Substrate engineering is considerable gaining importance in the last years. Already in the early 90's substrate engineering developed as concrete concept to extend the performance of semiconductor devices. Following this, the first silicon-on-insulator (SOI) wafers have been introduced in production couple of years later. Since then, SOI wafers have been introduced in many different silicon device architectures:
- High performance processors, e.g. in smart phones or gaming consoles
- Low power applications
- Micro Electro Mechanical Systems (MEMS)
The heart of an SOI wafer is an ultra-thin, monocrystalline, layer of silicon, separated by an insulating silicon oxide layer from a standard thickness Si handle wafer. Due to electrical isolation of the thin top silicon layer from the thick silicon bulk wafer, devices on SOI wafer can have much improved properties. These chips obtain higher switching frequencies, lower power consumption and avoid unwanted heat production. SOI chips have a 20%-30% higher performance and consume up to 1/3 less power than chips on conventional silicon.
Today, wafer bonding is the most important manufacturing methods for SOI wafers. Direct wafer bonding found its way into industrial mass production, as cost efficient and production proven technology. An essential contribution is achieved with the EVG850 production wafer bonder from EV Group. For this equipment EVG received the Austrian Innovation Award 2004 and was announced Austria's most innovative company. Since then, EVG's SOI bonding technology constantly improved, meeting most demanding SOI wafer specifications. Latest success story for EVG's SOI bonding technology has been the first tool installation for 450mm wafers. Being one of the first equipment manufacturers moving to 450mm clearly states EVG's leading position in the field of SOI wafer bonding.

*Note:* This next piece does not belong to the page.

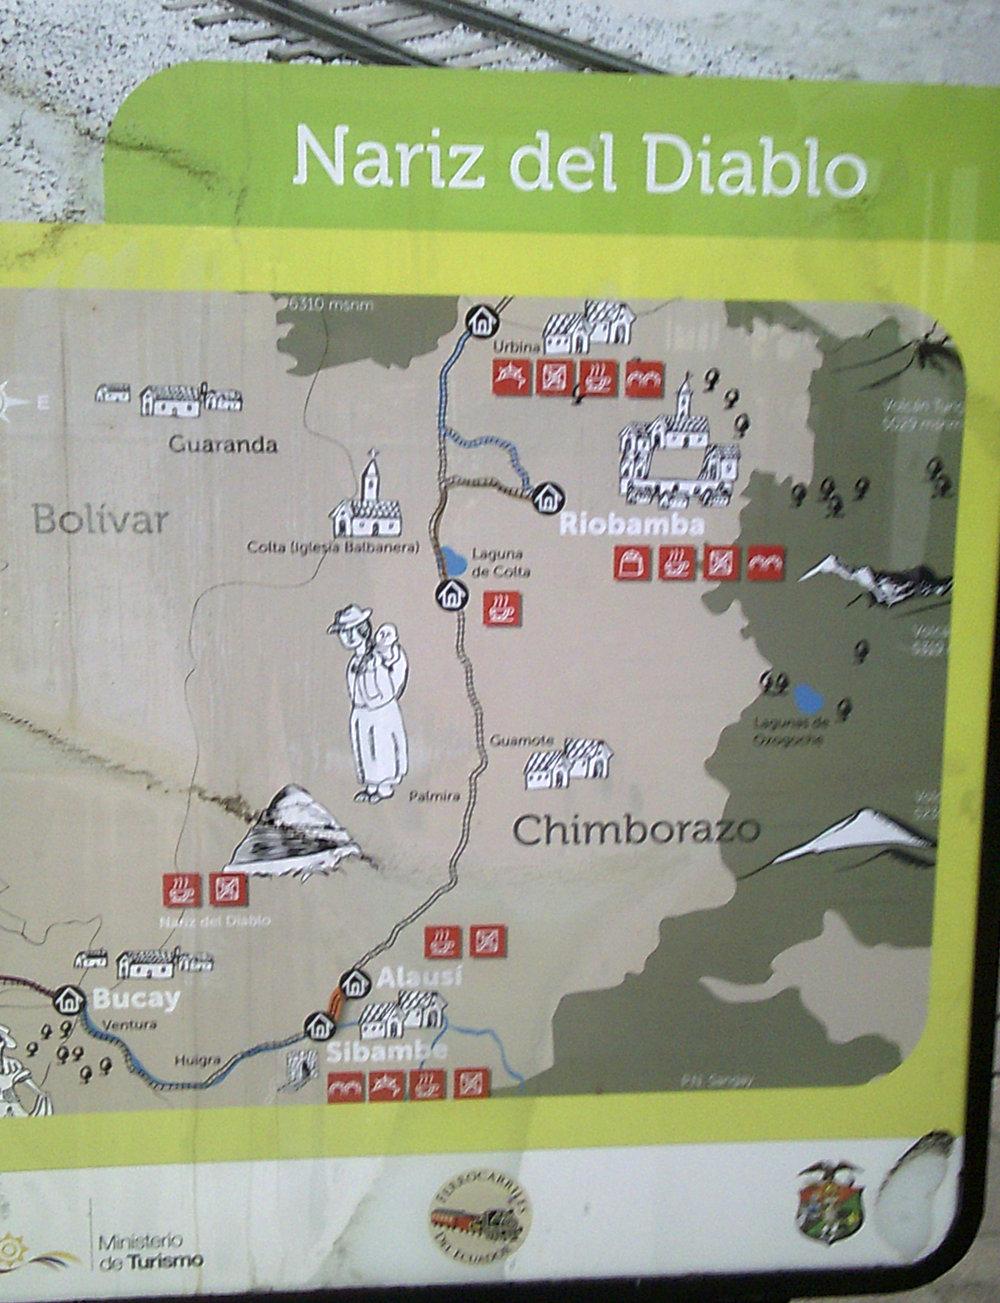 Nariz del Diablo map.jpg
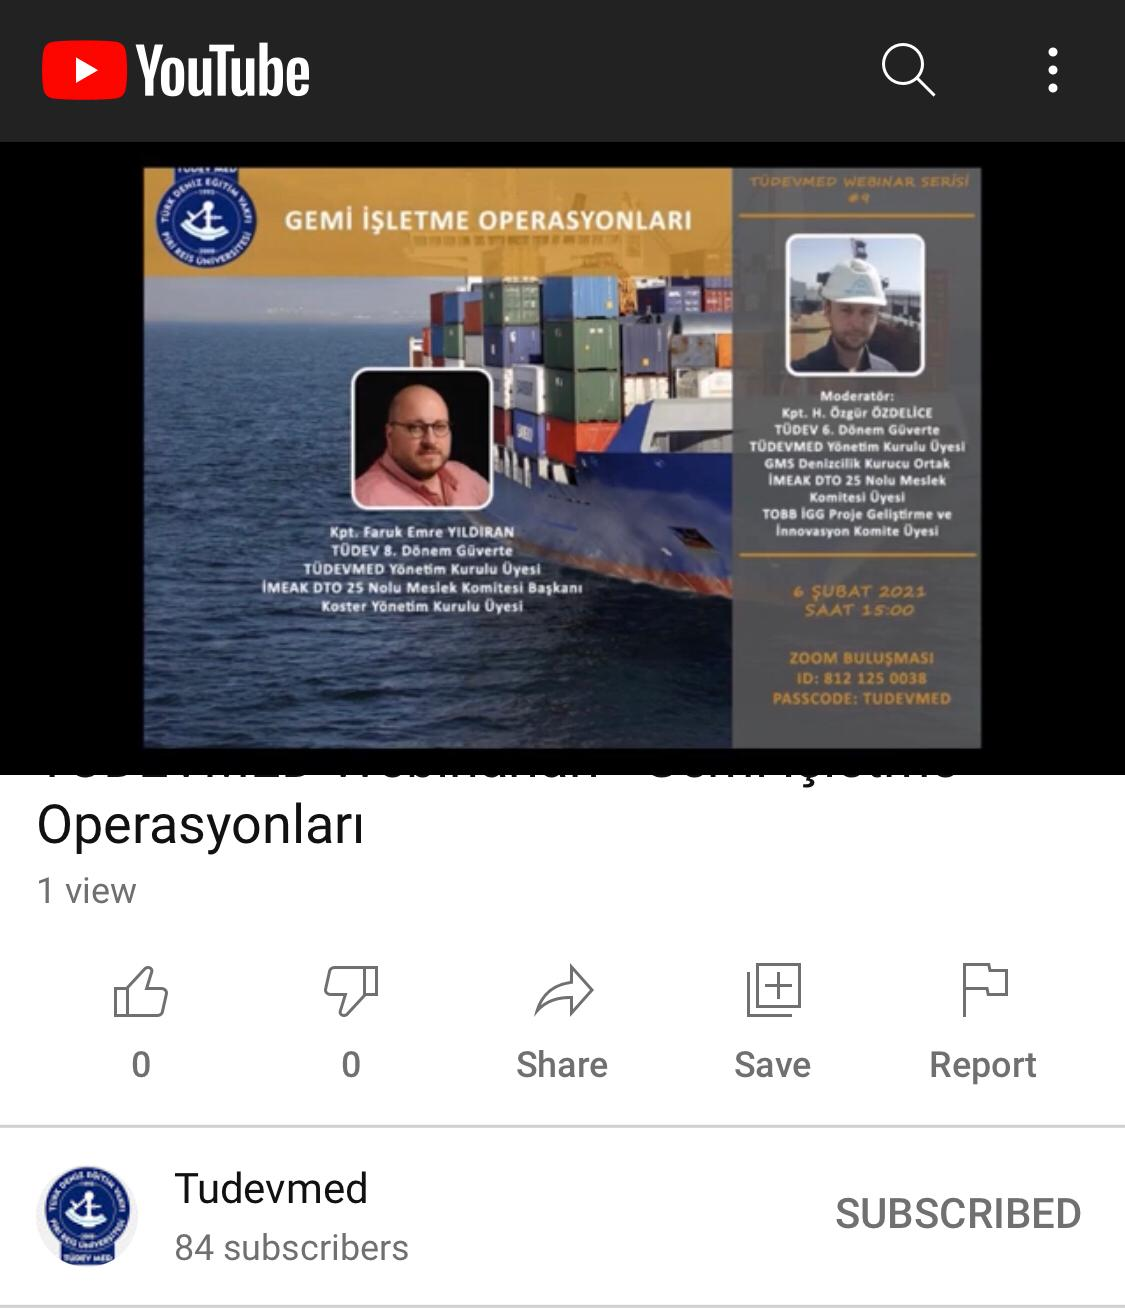 TÜDEVMED Gemi İşletme Operasyonları Webinarı Düzenledi

Recently, direct wafer bonding for engineered substrates has been further expanded. Especially for compound semiconductors, direct wafer bonding offers an important tool to bring new semiconductors and hence novel devices on a cost-effective production platform.
These so-called engineered substrates enable new functionality by novel materials or the combination of different materials for optimized device performance.
Possible combination of engineered substrates and their application are:
- Mobility enhancement solutions:
- III-Vs to silicon (e.g. GaAs, GaP, InP, GaN)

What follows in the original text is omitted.